Людвик Ашкенази - Эх, Габор, Габор...
Было воскресное утро, немного задымлённое, по-мартовски неясное; на стене красовался алый транспарант с надписью золотом:
«Человек — это звучит гордо».
Педагог не преминул по этому поводу бросить горькое замечание:
— Прекрасные, великие слова, — но почему этому человеку не дают поспать в воскресенье?
— Ну и спали бы себе, — с тихой яростью ответил ему Голуб.
— Вы и так спите круглый год! Да есть ли для вас хоть что-нибудь святое? Кроме святого Тадеуша, которому вы недавно поставили вот такую толстенную свечу?!
И Голуб показал руками, какой толщины была свеча.
Потом на возвышение поднялась Славка Маржинкова с фиалкой в волосах и со вступительной речью в руке. Она говорила о буковках, о том, сколько слов можно сложить из них и зачем надо человеку знать, откуда взялись реки на свете, и звёзды, и почему зелены деревья, и почему после ночи всегда наступает день.
Все хлопали, а педагог — больше всех. Потом президиум ушёл наслаждаться выходным днем, а Славка Маржинкова написала на доске букву А.
На первой парте сидели рядышком Габор большой и Габор маленький. Красивые и серьёзные.
Рано утром Габор большой вымыл Габора маленького, и оба пели во время этой процедуры. Ещё они облились духами «ша-нуар», а теперь весь класс пах духами «ша-нуар» и астрами, которые прислал из своего садика сам директор Голуб.
На перемене после первого урока Габор большой поучал Габора маленького:
— Ты коли сидишь, так сиди, а когда думаешь, прищурь глаза. Пусть учительница видит, что ты думаешь.
— Папа, да я не думаю, — сказал Габор маленький.
— Знаю, это не всегда удаётся, — ответил Габор большой, — но прищуриваться надо всегда.
— Ладно, папа, — сказал Габор маленький.
Всё это значило, что ходить в школу с родным отцом далеко не мёд.
С первых же дней выяснилось, что Габор маленький превосходит всех усердием и учёностью. Он вдруг засиял как звезда первой величины, и в его сиянии скромно и честно грелся Габор большой. Он не претендовал на личные лавры, ибо постиг тщету земной славы. Зато быть родителем умного сына — ценность непреходящая, особенно среди цыган.

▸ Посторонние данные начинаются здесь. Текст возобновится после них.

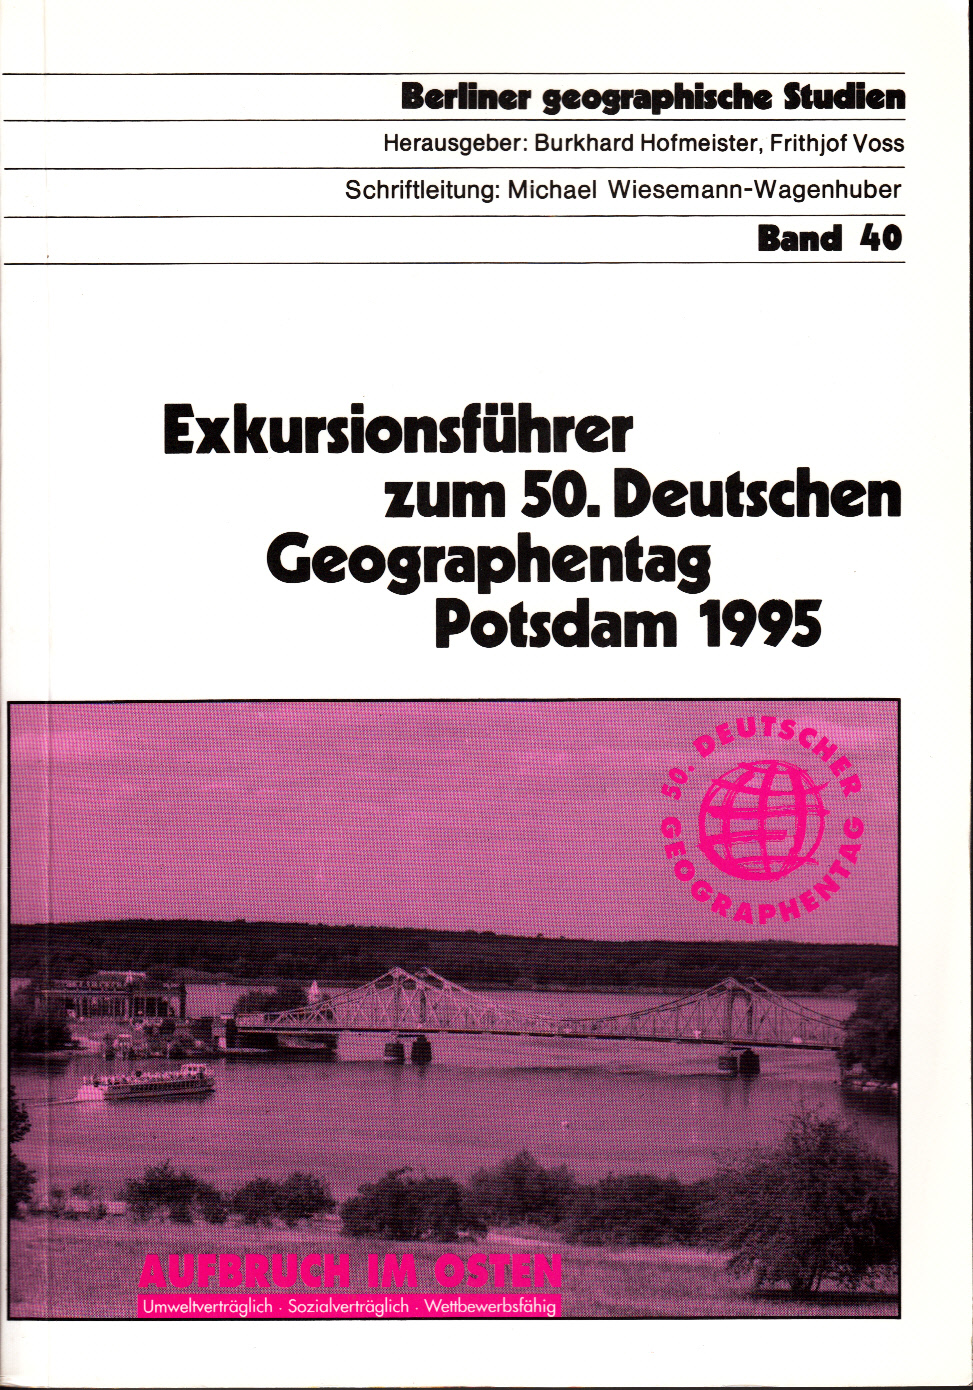 Exkursionsführer zum 50. Deutschen Geographentag Potsdam 1995

Лишь порой, когда Габор маленький показывал себя слишком уж умным, так что даже отцовский мозг не в силах был охватить широту и глубину его познаний, старший Габор испытывал нечто вроде укола, мгновенного, но острого; что это было — ревность, страх или, наоборот, чересчур большая радость? Сияющие глаза его ребёнка обращались к нему равнодушно, чуть-чуть рассеянно. И Габор большой чувствовал, что в той любви, которая никогда ещё не была такой пылкой, как сейчас, что-то тает вешним снегом и, холодное, оттекает…
По вечерам, в кровати, Габор большой нежно смотрел на лакатошевский нос своего сына. Потом прижимался лицом к его лицу, и Габор маленький беспокойно ворочался. Ему было тесно.
«Какие у него уже большие ноги», — думал с удовлетворением отец и печально засыпал.
«Ой-ой-ой, — думал он ещё. — Ой-ой-ой…»
На стройке же он распространял славу рода Лакатошей как истый поэт-самородок: ненавязчиво, с чувством меры, но систематически. Мол, что ж, такой уж у него даровитый сын, тут уж ничего не попишешь.
— Лакатоши всегда кое-что да значили, — говаривал он.
— Скрипач — так самый знаменитый, конокрад — так тоже великий. Наш дед, Питюка Лакатош, делал котлы. Его котлы были самые большие. Желал бы я вам, товарищ Тереба, и по сейчас есть венгерский паприкаш из такого котла. Вам я этого от души пожелаю. Другому, может, не пожелал бы, а вам — да.
— Почему же ты мне это желаешь? — осторожно осведомлялся папаша Тереба. — Как мастеру? Или я тебе нравлюсь?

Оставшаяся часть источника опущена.